*Records for this task*.

========================================

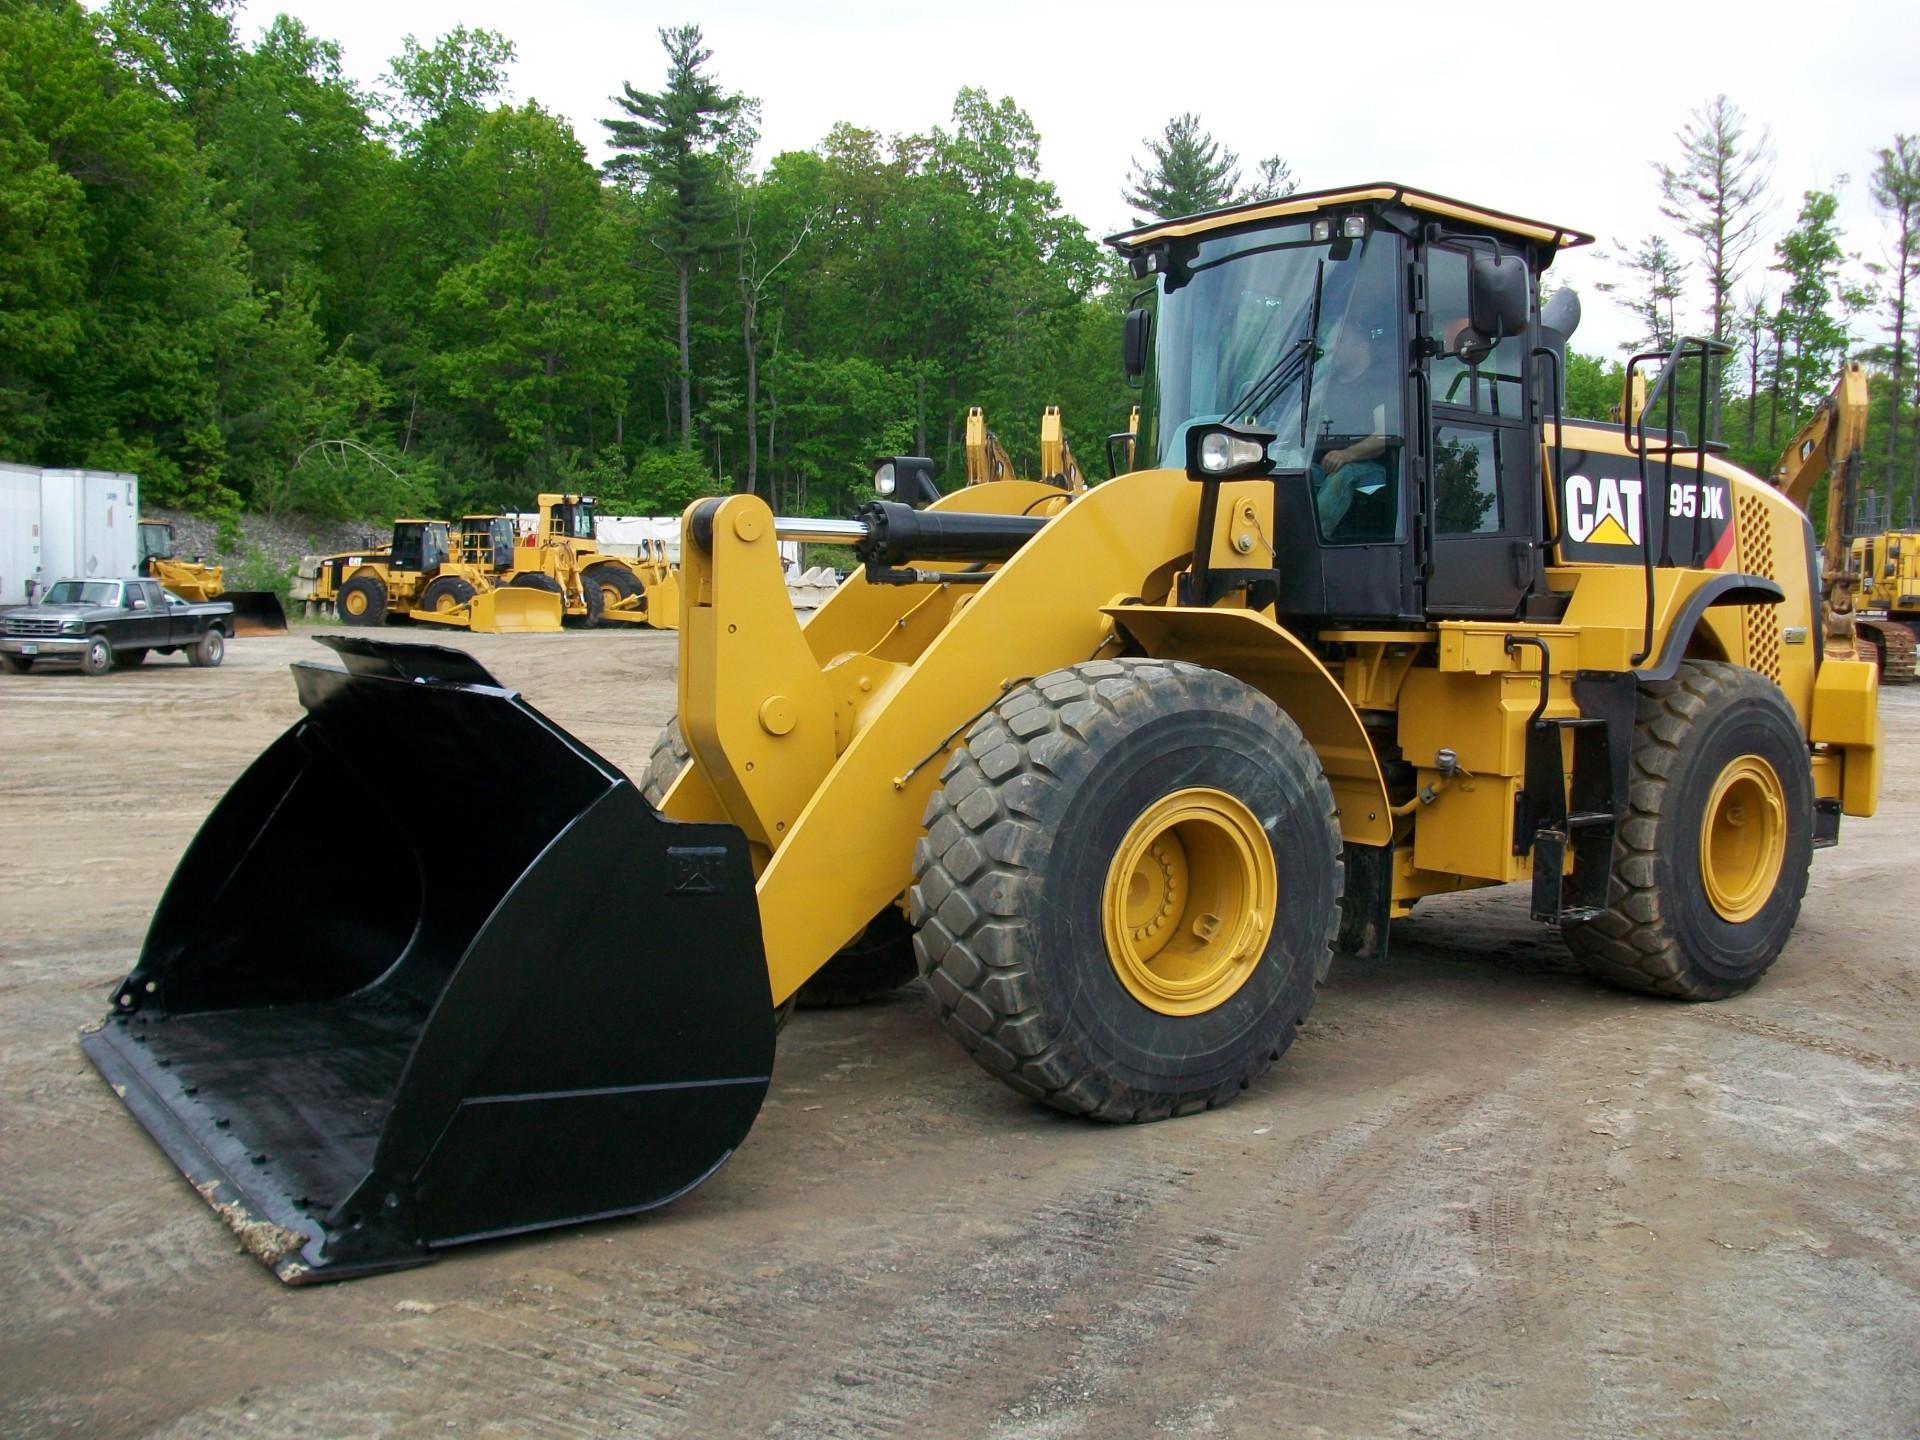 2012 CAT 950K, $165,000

========================================

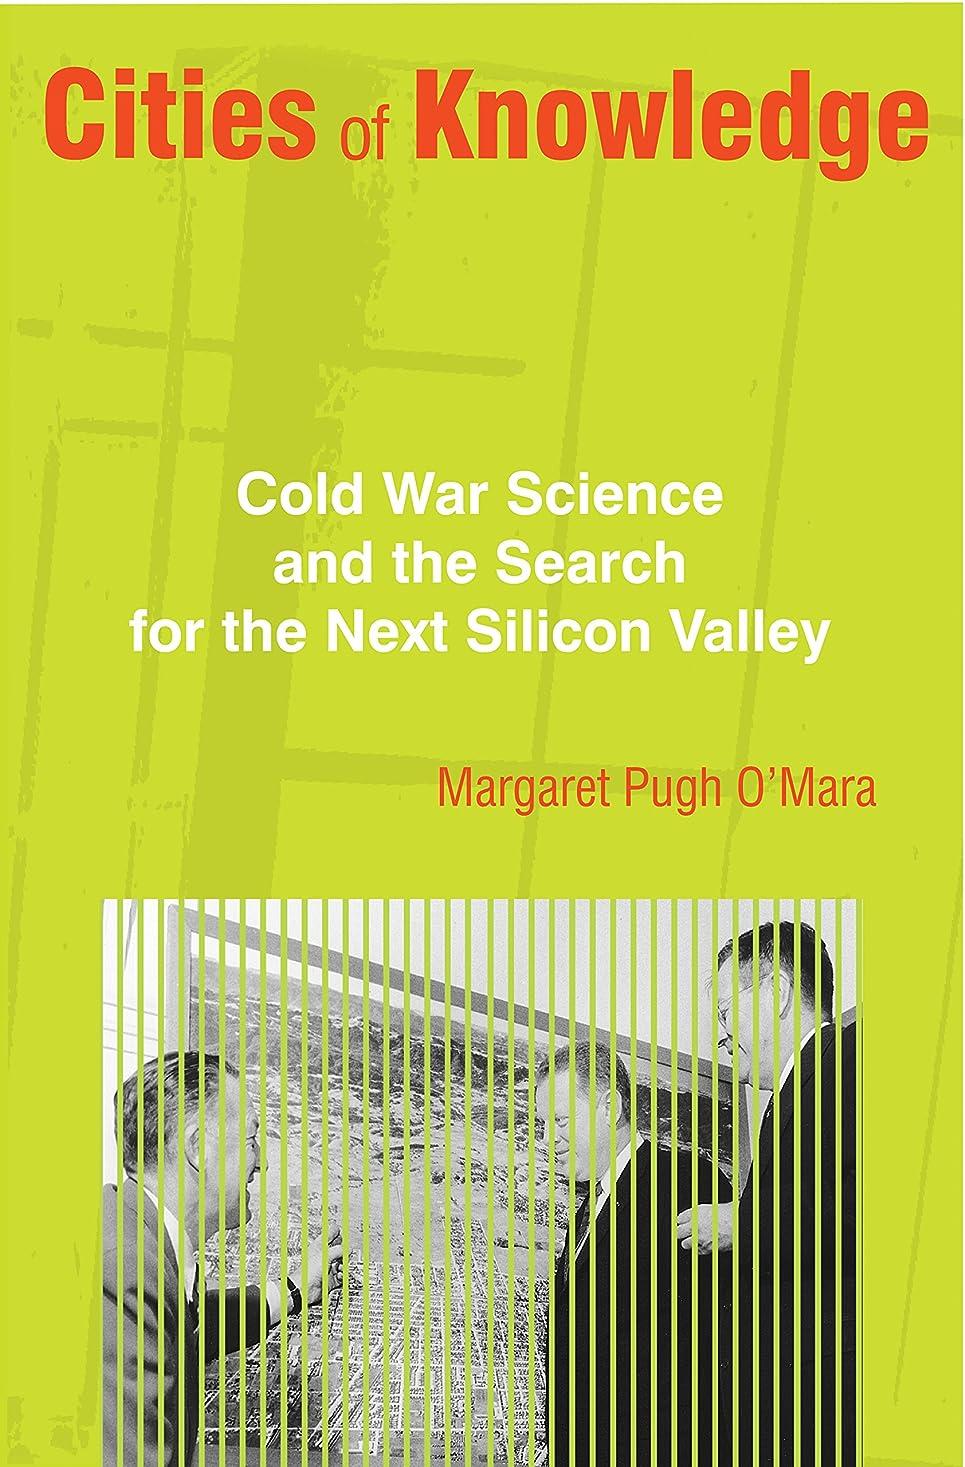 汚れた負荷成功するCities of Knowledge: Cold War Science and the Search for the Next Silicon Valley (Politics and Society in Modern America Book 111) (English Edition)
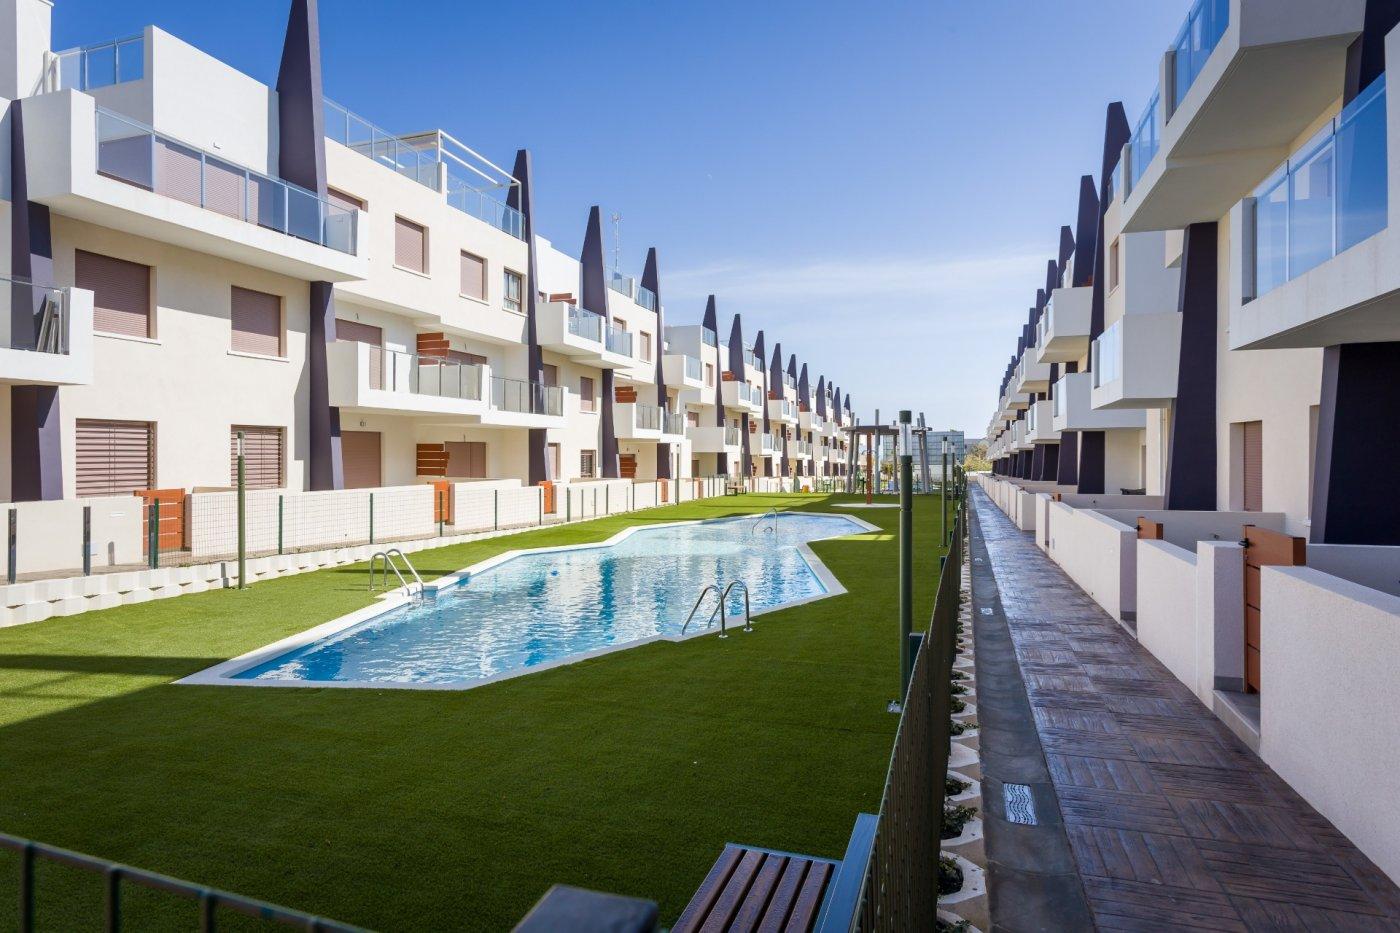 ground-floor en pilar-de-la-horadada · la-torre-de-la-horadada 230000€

========================================

*Activity*.
Quote word for word only the lines above from the one containing "汚れた負荷成功するCities of Knowledge: Cold" through the one containing "ground-floor en pilar-de-la-horadada". Pictures stay out of your copy.

*Exercise answer*.
 汚れた負荷成功するCities of Knowledge: Cold War Science and the Search for the Next Silicon Valley (Politics and Society in Modern America Book 111) (English Edition)
 ground-floor en pilar-de-la-horadada · la-torre-de-la-horadada 230000€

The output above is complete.